■ **Exercise instructions**
Write out the lines of the material below exactly, beginning at the line with "Musula La Patisserie" and stopping after the line with "Musula in the", and leave out the pictures.

■ **Available data**
+--
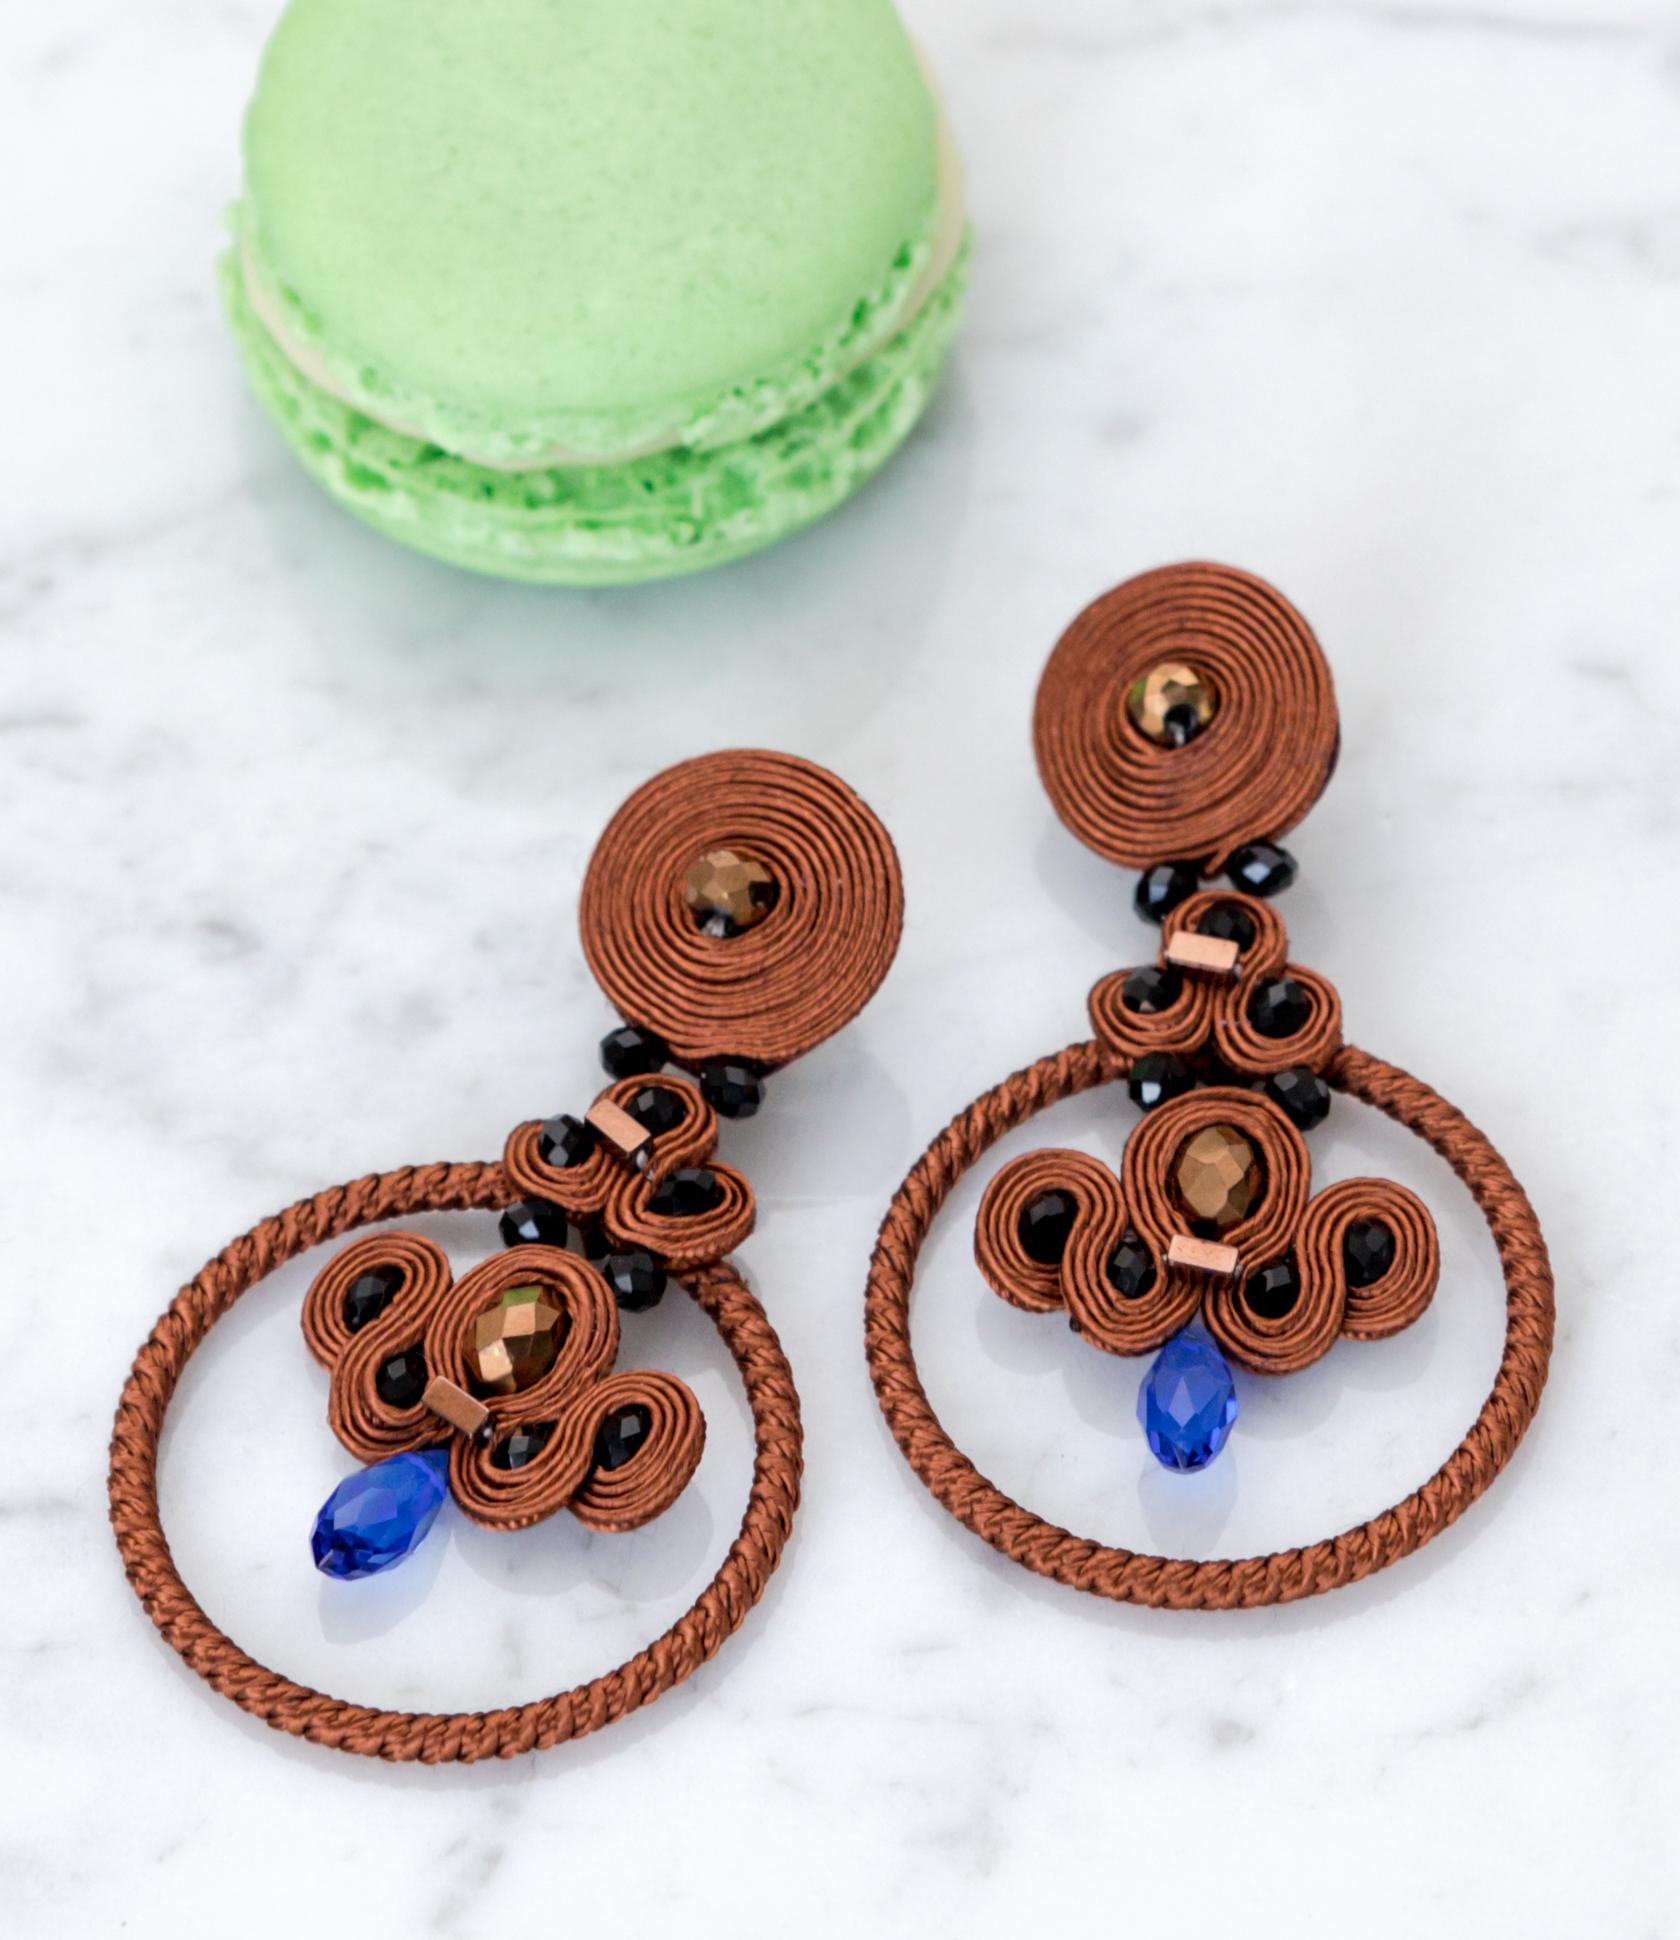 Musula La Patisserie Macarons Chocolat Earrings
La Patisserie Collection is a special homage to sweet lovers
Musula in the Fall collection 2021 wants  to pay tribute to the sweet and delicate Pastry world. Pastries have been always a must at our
+--
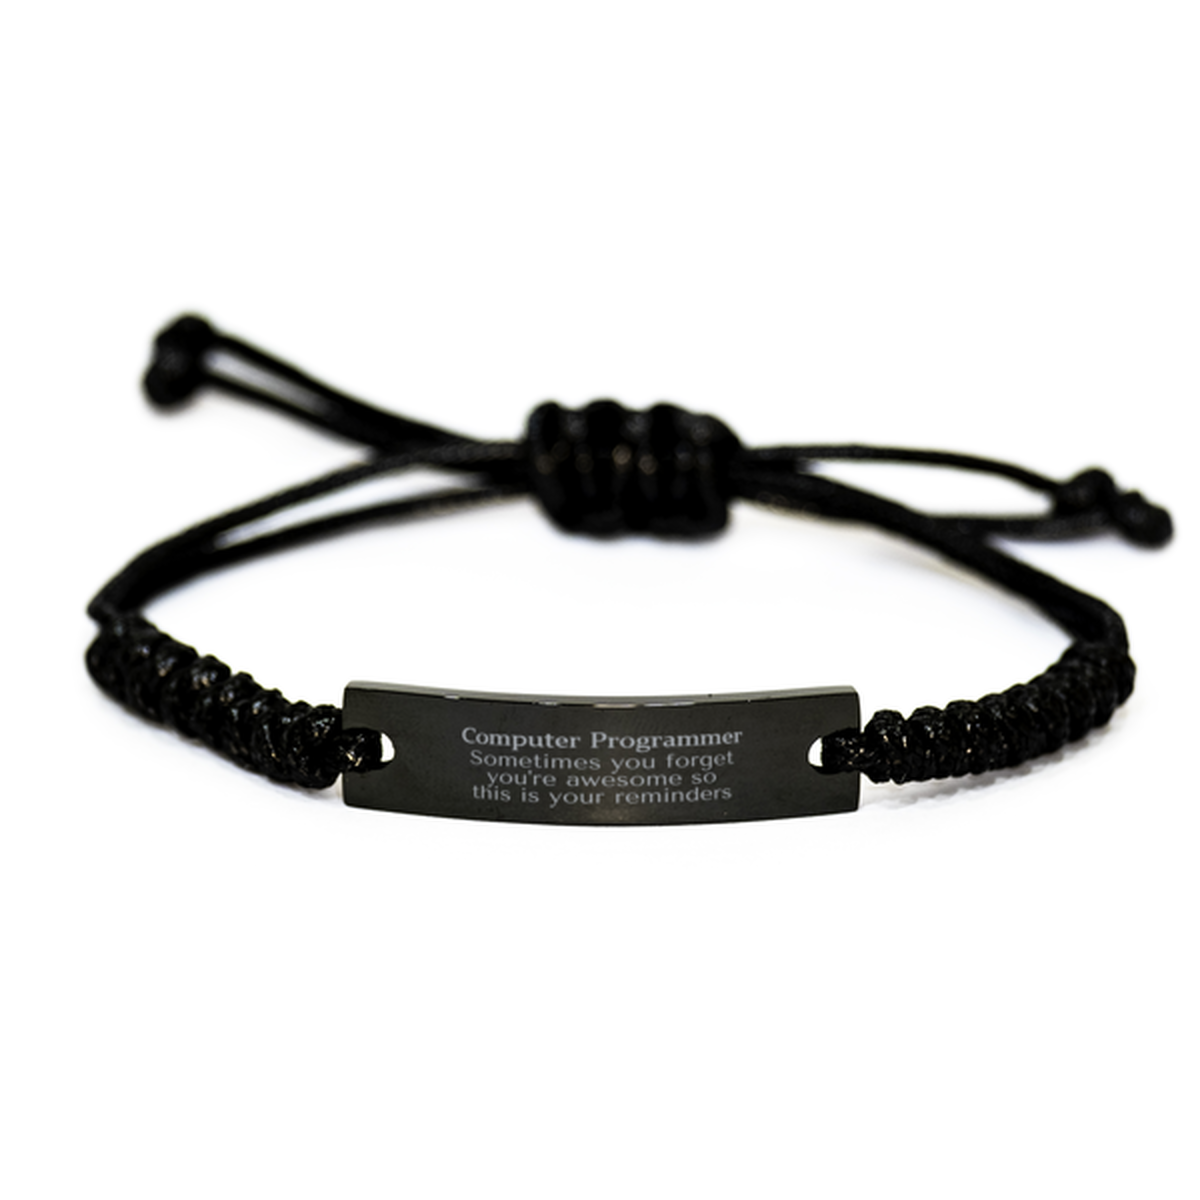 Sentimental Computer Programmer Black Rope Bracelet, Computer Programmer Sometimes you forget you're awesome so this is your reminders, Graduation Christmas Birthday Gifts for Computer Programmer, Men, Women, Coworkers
+--
■ **Solution for this task**
 Musula La Patisserie Macarons Chocolat Earrings
La Patisserie Collection is a special homage to sweet lovers
Musula in the Fall collection 2021 wants  to pay tribute to the sweet and delicate Pastry world. Pastries have been always a must at our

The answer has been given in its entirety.